Sono in negozio. In veranda c'è una coppia che conosco con la bambina di 4 anni. Forse si sono amati un tempo, ma ora discutono animatamente. Non vivono più insieme, si sono allontanati già da diverso tempo. Ed ora vedo lei che fuma e gesticola, la bimba che gioca apparentemente incurante del clima teso tra i due, lui che non alza la voce ma si alza e si riabbassa sulla sedia di continuo, preda di una strana agitazione. Non litigano nel vero senso della parola, ma tra loro vi è una tensione palpabile, come se stessero maneggiando polvere da sparo accanto ad una fiamma lasciata quasi incustodita.

Perché è così difficile comunicare? perché è così complicato parlarsi? Perché quando finisce un sentimento ci si ritrova come all'interno di una stanza, chiusi col proprio carceriere? Dove finiscono la complicità, i ricordi, le notti passate a letto a far l'amore, le gite fuori porta, le cene rimediate in fretta, gli sguardi innamorati? 

Com'è che due persone un tempo affiatate e coinvolte diventino peggio di due estranei? Quando si smette di amare la pelle di un altro essere umano e iniziare ad odiarne anche l'odore? Come è possibile che tutto quel che di bello c'è stato bruci fino a diventare cenere? Lo so che nulla è eterno, lo so che i sentimenti cambiano come tutto il resto su questo mondo. Lo so eppure non mi capacito di questo stravolgimento, del passaggio rugoso dall'amore al detestarsi. Forse è questa la parte peggiore. Non il sentimento che muore, ma quello a cui lascia il posto. Il rancore, l'astio, il senso di smarrimento, la terra che trema sotto i piedi, la sensazione di aver perso tempo o di non aver saputo stringersi più forte quando i muri iniziavano a crollare. E da lì le grida, il furore, lo strimpellio di un'anima sdrucita sull'altra, l'arrancare, il non riuscire a sopportarsi, l'odio che diventa parte della pelle, dei capelli, dei piedi, delle gambe, che si impossessa delle mani e delle braccia.
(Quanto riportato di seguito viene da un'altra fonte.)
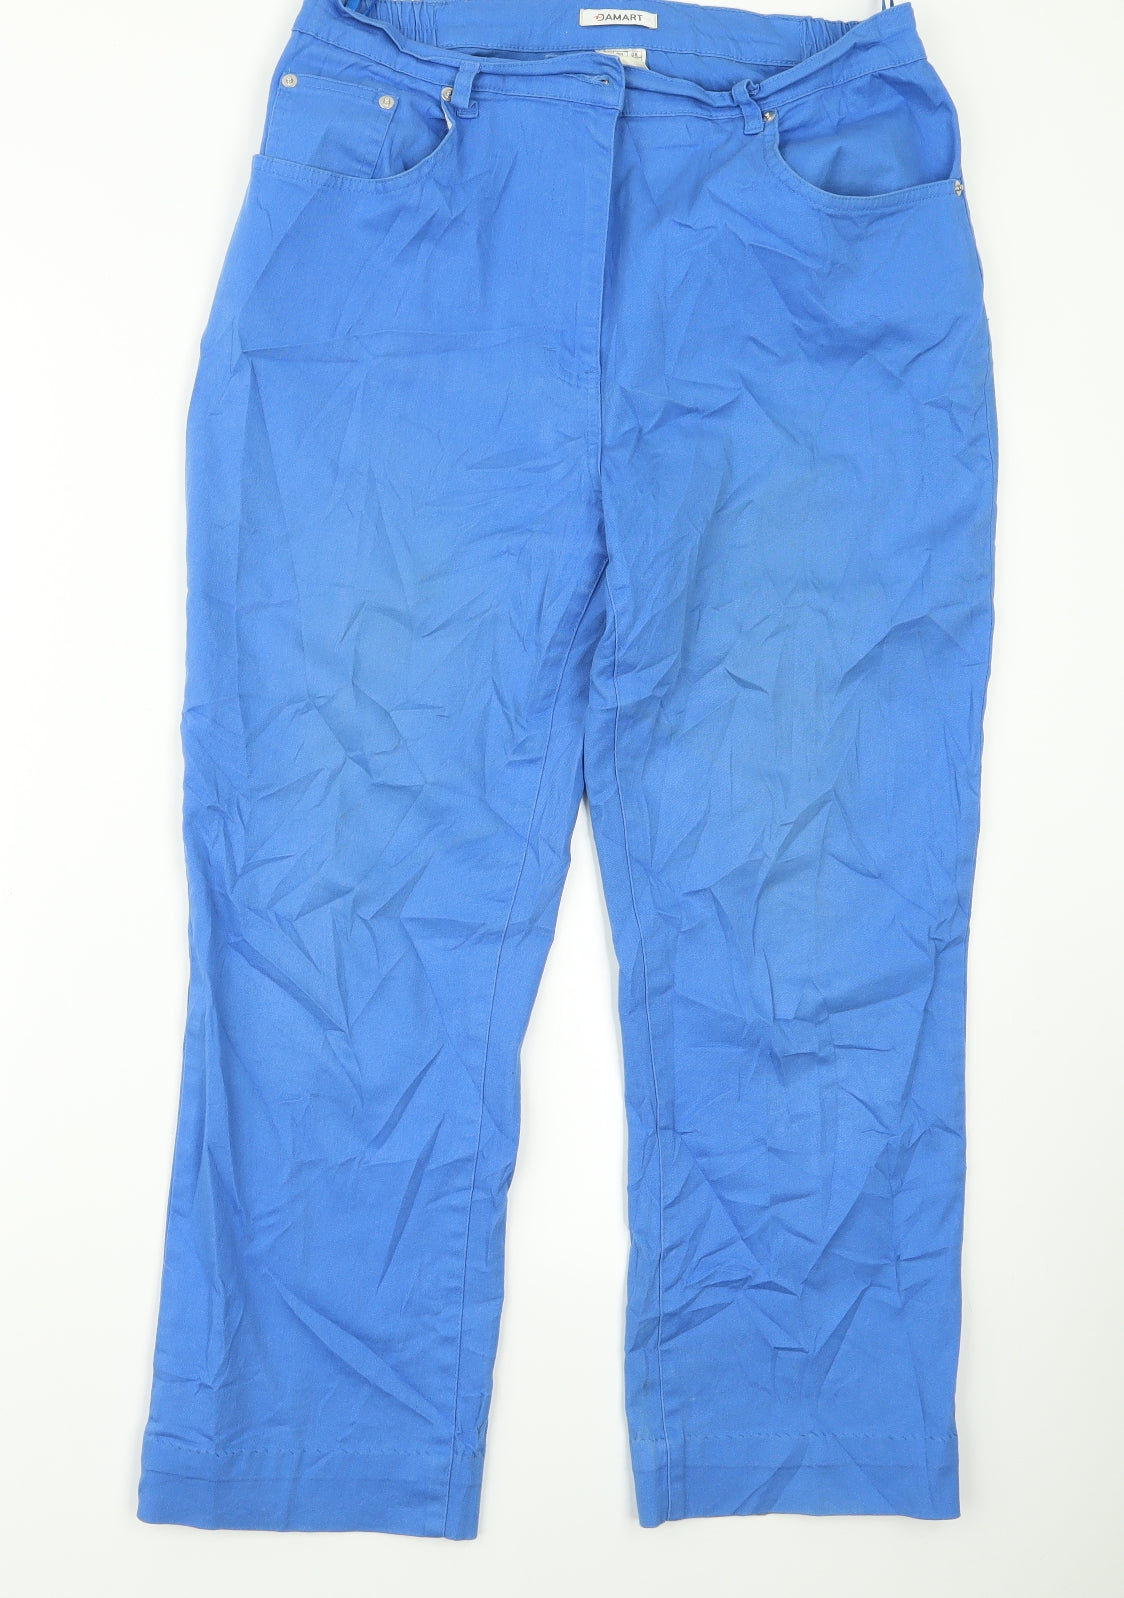 Damart Womens Blue Trousers Size 14 L23 in Rewards - Monetha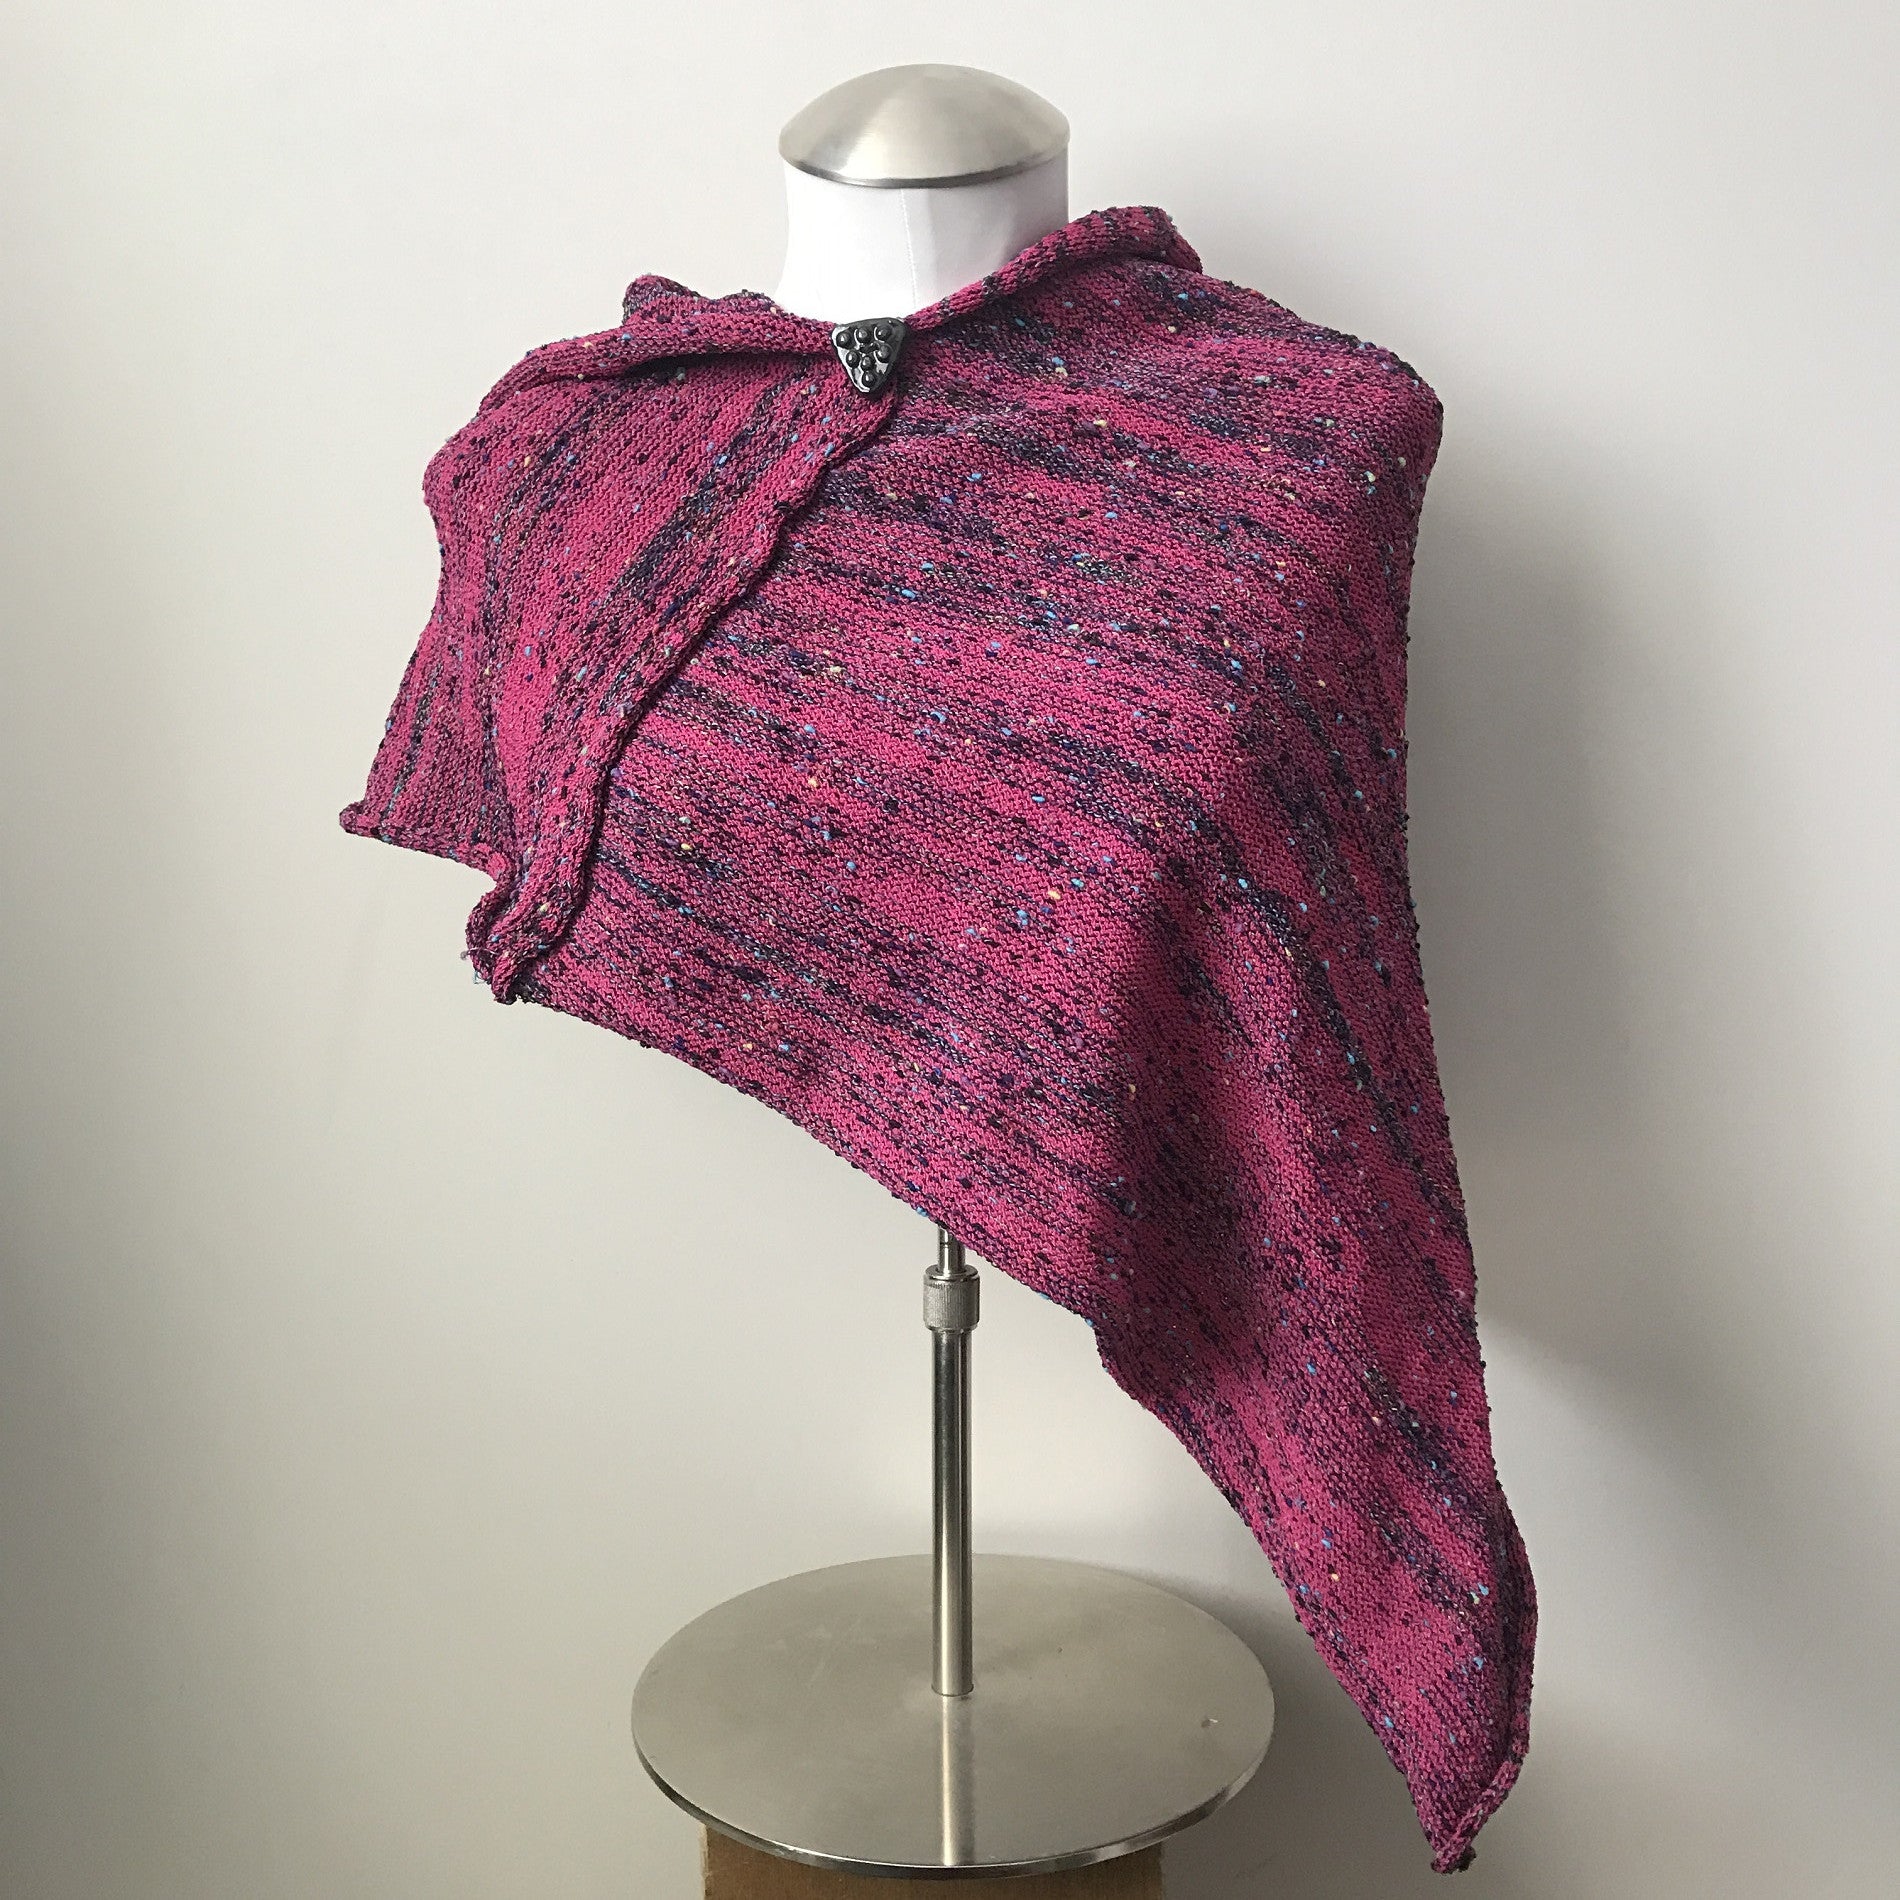 Fine Knit Hot Pink Tweed Shawl w/Ceramic Button, (SH701)

Da alcuni giorni andando a lavoro calpesto pezzi di un puzzle gettati senza cura sulla strada. Sono lì, abbandonati e soli, ciascuno perso sui suoi millimetri di asfalto, incapace di ricomporsi agli altri pezzi. Alcuni sono stati falciati via dalle auto che passano di lì. Altri hanno cambiato colore. Qualcuno dev'essersi perso chissà dove. Ma nessuno di loro, nessuno, ha potuto riappropriarsi dei pezzi mancanti, costretto ormai a bastarsi da sé, coi suoi angoli rotondi che non verranno più riempiti. Ed è forse così anche per quegli amori caduti, morti, estirpati dal cuore. E ti ritrovi stanco, sfibrato e solo a chiederti dove siano andati quei pezzi che un giorno ti tenevano caldo e che ora ti fanno sentire freddo, che ti premono addosso solo per ricordarti che qualcosa è morto, morto per sempre, e non tornerà. Che quella voce che un tempo ti accarezzava ora ti urla addosso, che quelle mani che prima ti stringevano ora ti si agitano contro per chiederti di tacere. 

Si sono alzati. La bimba va col papà, la madre tira un po' il fiato. E tutti e tre mi appaiono troppo stanchi anche solo per alzare gli occhi al cielo.